First, we have not yet obtained a distinguishing marker for the HPP-ECFC that permits prospective isolation of these cells from peripheral blood or CB. Although the clonal assay of ECFC production can enumerate the number of HPP-ECFC in a given endothelial cell population, the HPP-ECFC-initiating cells never replicate via symmetric division and, thus, give rise to the entire ECFC hierarchy including low proliferative potential-ECFC, ECFC clusters, and non-proliferating endothelial cells within the HPP-ECFC colonies that emerge (18). Thus, the research field continues to search for cell surface markers that may prospectively isolate and enrich for HPP-ECFC. Second, some of the current reagents for ECFC isolation are derived from animal sources (such as type I rat tail collagen or fetal bovine serum). However, there is a new xeno-free media preparation EC-Cult-XF ECFC (Stemcell Technologies, Vancouver, BC, Canada), which might help to solve this issue after approval for clinical use. Third, use of autologous blood for ECFC isolation is currently not feasible in pediatric patients. ECFCs circulate in the blood stream at 1 per 106–108 peripheral mononuclear cells (18). They may be isolated in sufficient numbers from umbilical CB for potential use in newborn infants; however, once processed and frozen, the CB-ECFC would need to be banked and fees for this kind of service can be prohibitive. In addition, the rationale for banking a cell product that is specified to a single lineage (endothelium) as a source of reparative cells that may not be needed until late adulthood is questionable at this point. For older children and adult subjects, primary circulating ECFCs from peripheral blood (PB-ECFC) are less clonogenic, proliferative, and angiogenic than CB-ECFCs. Finally, it is well known that certain disease states, such as diabetes, can significantly diminish the frequency and function of the isolated ECFC to such an extent that these cells would not be of sufficient quality for use as a revascularization therapy (77, 78).

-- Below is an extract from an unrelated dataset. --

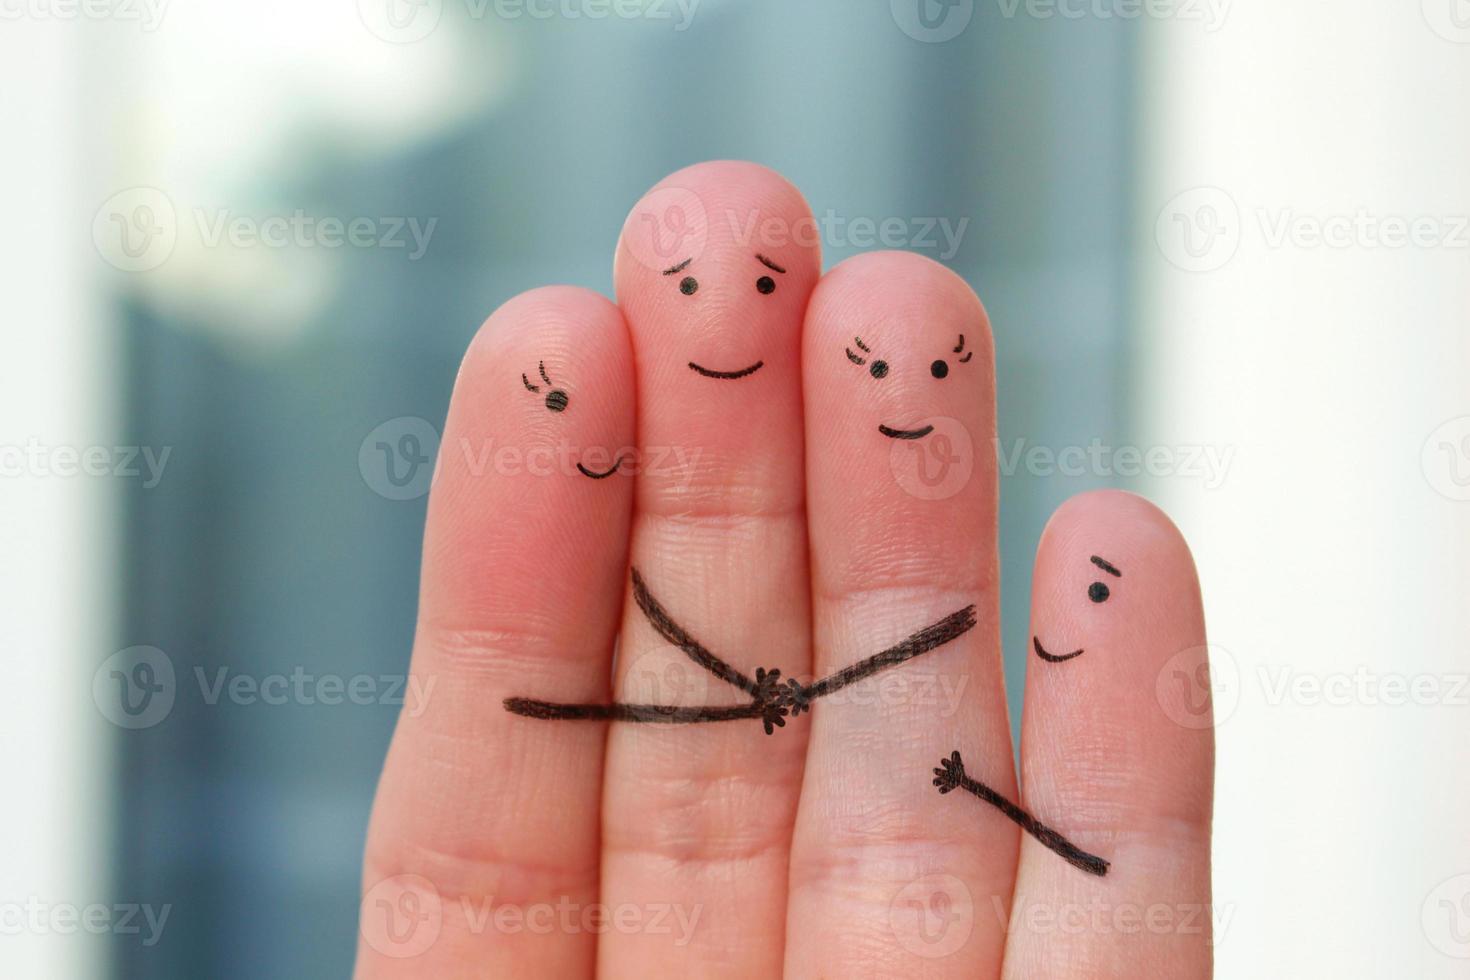 vingers kunst van familie. concept van liefde, vriendschap, geluk. foto

One strategy to overcome the limited availability of autologous ECFC would be through the generation of patient-specific hiPSC-derived ECFCs (30). Our current protocol enables us to convert hiPSCs into cells similar to CB-ECFCs at an efficiency of >108 ECFCs produced from each starting iPSC within 80 days. However, this approach requires some (months) time for derivation of the autologous hiPSCs from each patient, in addition to differentiation of the patient-specific hiPSCs to ECFCs. Haplotype-based banking of hiPSCs might be an alternative approach, which can reduce the host immunogenic responses to the hiPSC-derived cells (79, 80). In this approach, individuals with homozygous human leukocyte antigen (HLA) haplotypes could be chosen for production of iPS cell lines, and the establishment of an HLA-organized bank would be sufficient for a large number of recipients. By creating a bank of the HLA haplotypes, one could readily match the patient with the appropriate HLA haplotype and then differentiate the cells to ECFC for injection into the patient. Another interesting approach to reduce allograft rejection of transplanted ECFCs utilizes clustered regularly interspaced short palindromic repeat (CRISPR)/Cas9-modified ECFC lacking class II major histocompatibility complex molecules (81) and the implanted synthetic microvessels, formed from the manipulated cells, were significantly protected from CD8+ T-cell-mediated destruction in vivo. However, implanting a cell source that lacks appropriate major histocompatibility complex class II markers that permits escape from immune detection may be a risk for tumorigenesis and an appropriate suicide system such as herpes simplex 1-thymidine kinase transgene (82, 83), which will induce cell death under fialuridine treatment, might be required as a safety mechanism to escape potential tumorigenesis from major histocompatibility complex class II-deficient ECFCs. Although these barriers to clinical translation are not trivial, we believe that use of ECFCs for revascularizing damaged tissue will be ready in the near future for human clinical trials.